2017 ESA Annual Meeting (August 6 -- 11)

PS 80-175 - Evaluating confidence in eDNA results: A case study detecting an invasive amphibian

Friday, August 11, 2017
Exhibit Hall, Oregon Convention Center
Emily A. Wilson, Ecology, Evolution and Marine Biology, UCSB, Santa Barbara, Tom L. Dudley, Marine Science Institute, University of California, Santa Barbara, Santa Barbara, CA, Cheryl J. Briggs, Ecology, Evolution and Marine Biology, UC Santa Barbara and Edward L. Ervin, Merkel & Associates Inc., San Diego, CA
Background/Question/Methods

Environmental DNA (eDNA) detection methods are becoming a powerful tool to determine the presence of species in complex aquatic environments, replacing more traditional labor-intensive surveys. As these methods become more common it is imperative to include multiple controls to ensure correct identification of positive and negative samples.

We tested a previously published species-specific primer and its ability to detect an invasive amphibian, the African clawed frog (Xenopus laevis), at 40 sites throughout southern California. DNA was collected by filtering water through 1.2μm glass fiber filters. The DNA was extracted from the filter and tested in triplicate with the species-specific primer and probe using qPCR.

A series of positive and negative controls were included to increase the confidence of the sample results. The specificity of the primer was tested in qPCR using tissue extracts from the target and non-target species. Tissue extracts were also run on gels and bands sequences for comparison to target X. laevissequences. Known positive and negative sites were included in the field surveys. Sites that showed positive in qPCR were confirmed further by sequencing the bands from a gel. Samples were also checked for inhibition with an internal positive control and purified if needed.

Results/Conclusions

The eDNA field survey results appeared to confirm the presence or absence of X. laevis at the majority of sites. The eDNA results matched the known positive and negative sites and no negative controls were positive. Four of the eDNA sites were still partially inhibited after treatment, which makes it difficult to draw conclusions at those sites.

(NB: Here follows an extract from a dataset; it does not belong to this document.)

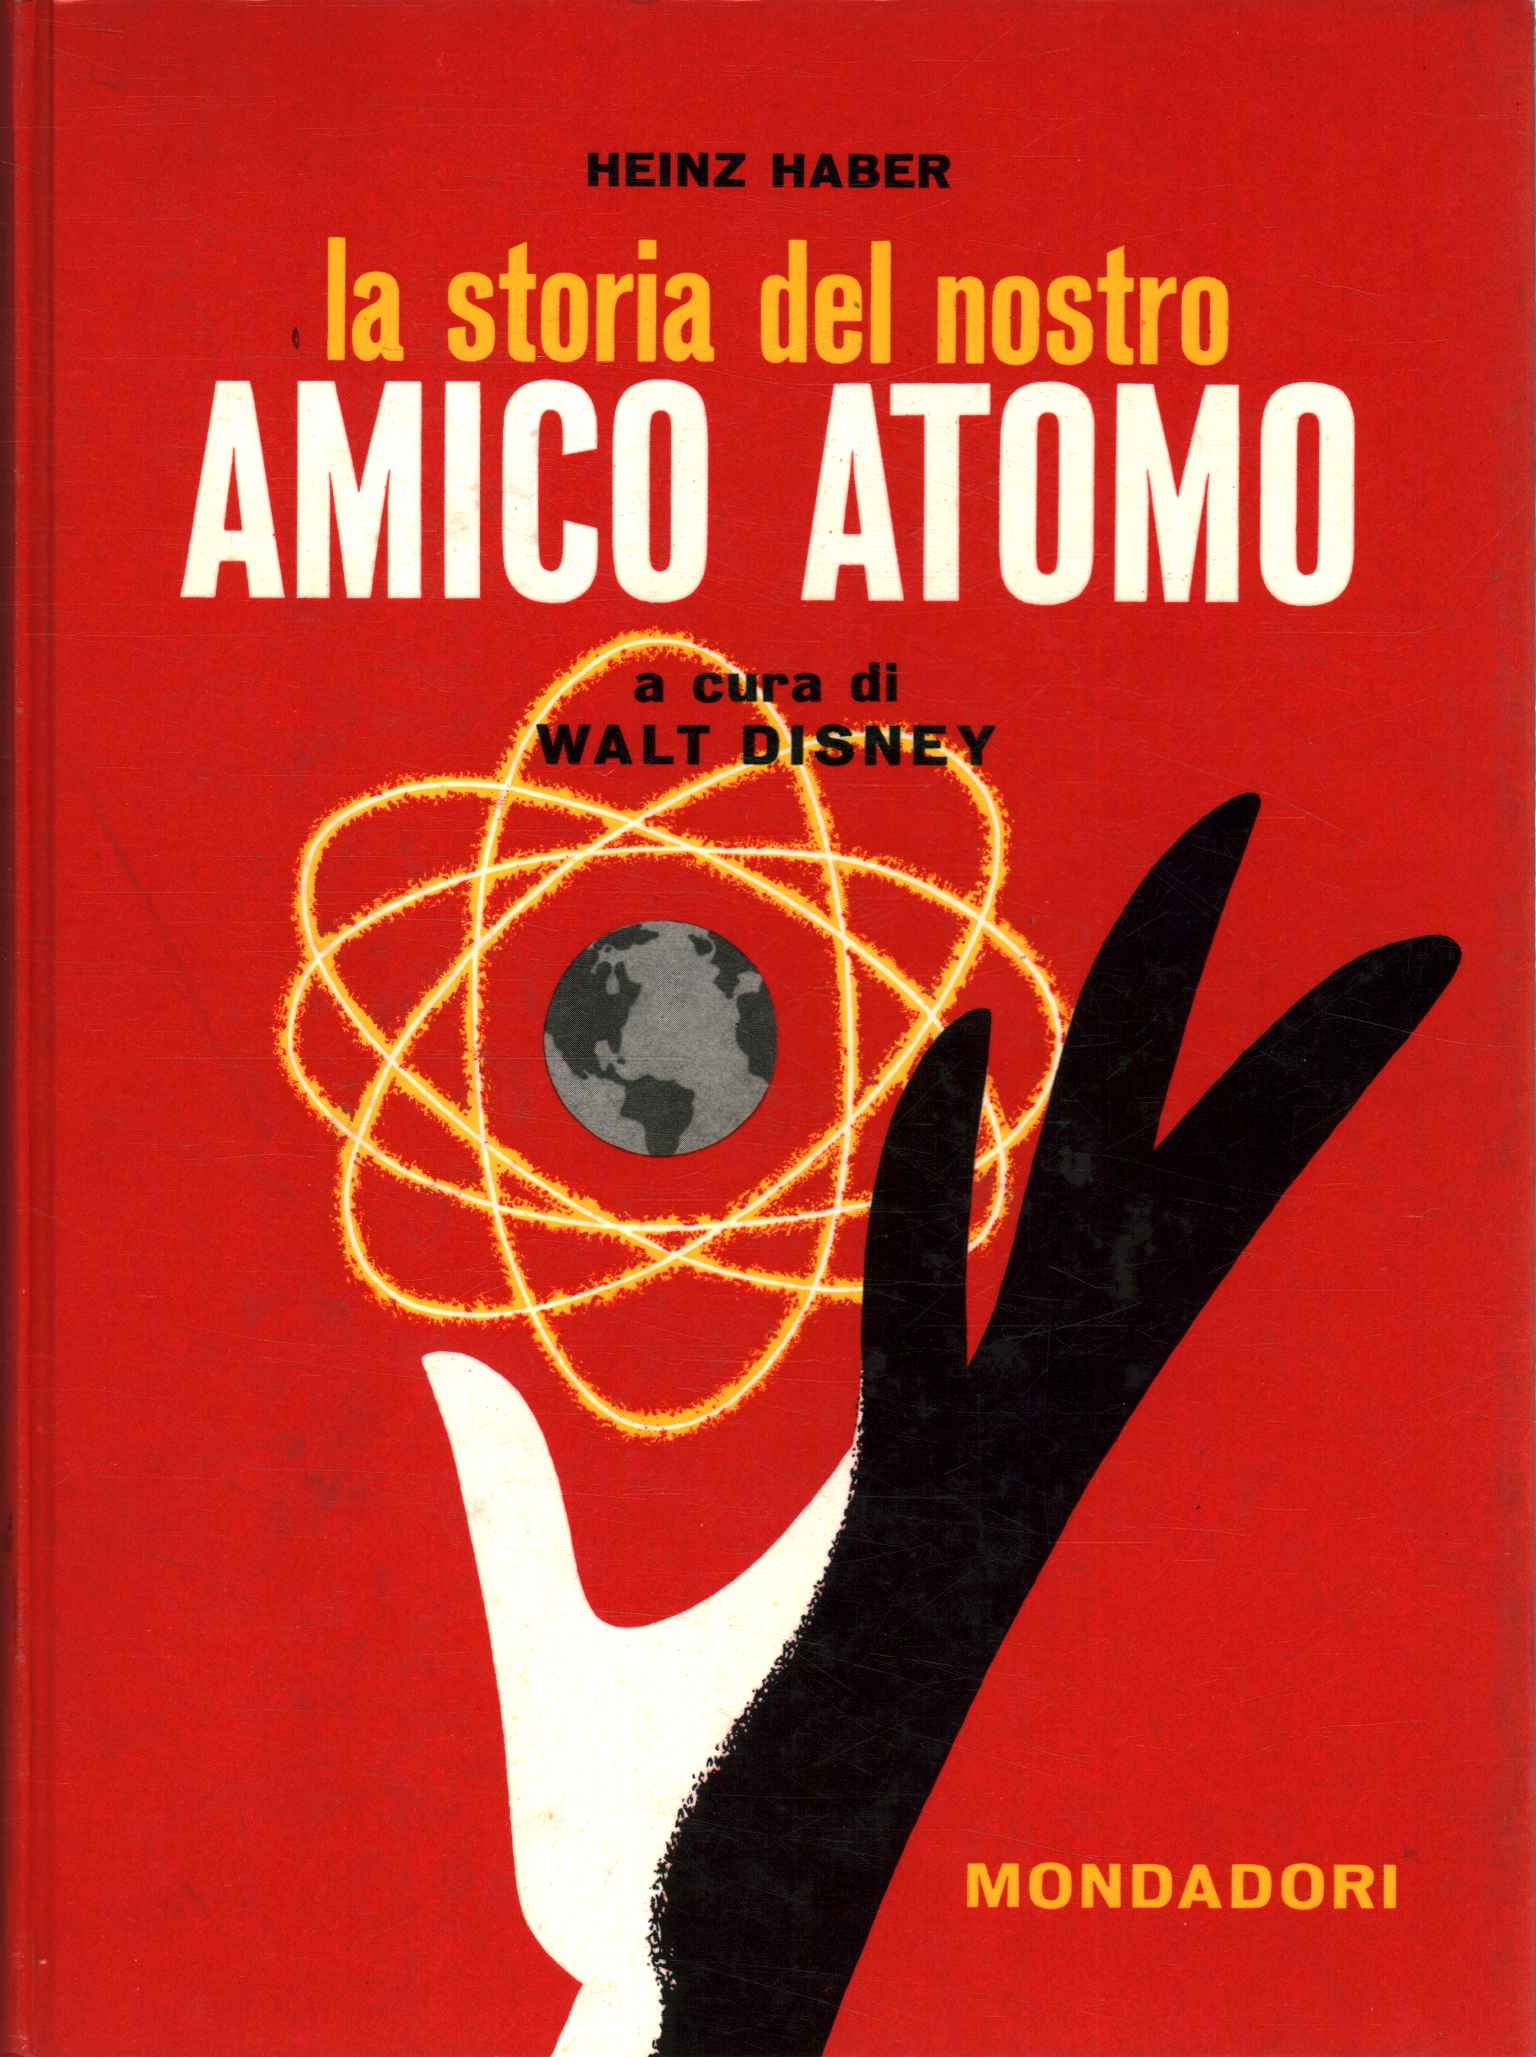 La historia de nuestro amigo el átomo.

Some late cycle amplification was observed with high concentrations of some non-target species’ tissue extracts. This suggests that there is some non-target binding with the primers, which was further confirmed with gel images that displayed multiple bands from the tissue extracts of non-target amphibian species. However, sites with high densities of non-target amphibians did not amplify, suggesting that high eDNA levels of non-target DNA will not create a false positive.

These results show the importance of multiple levels of confirmation for positive and negatives when performed an eDNA survey. The primers should be tested with tissue extracts to confirm specificity. Positive and negative field sample sites should be included along with negative controls at each step of analysis.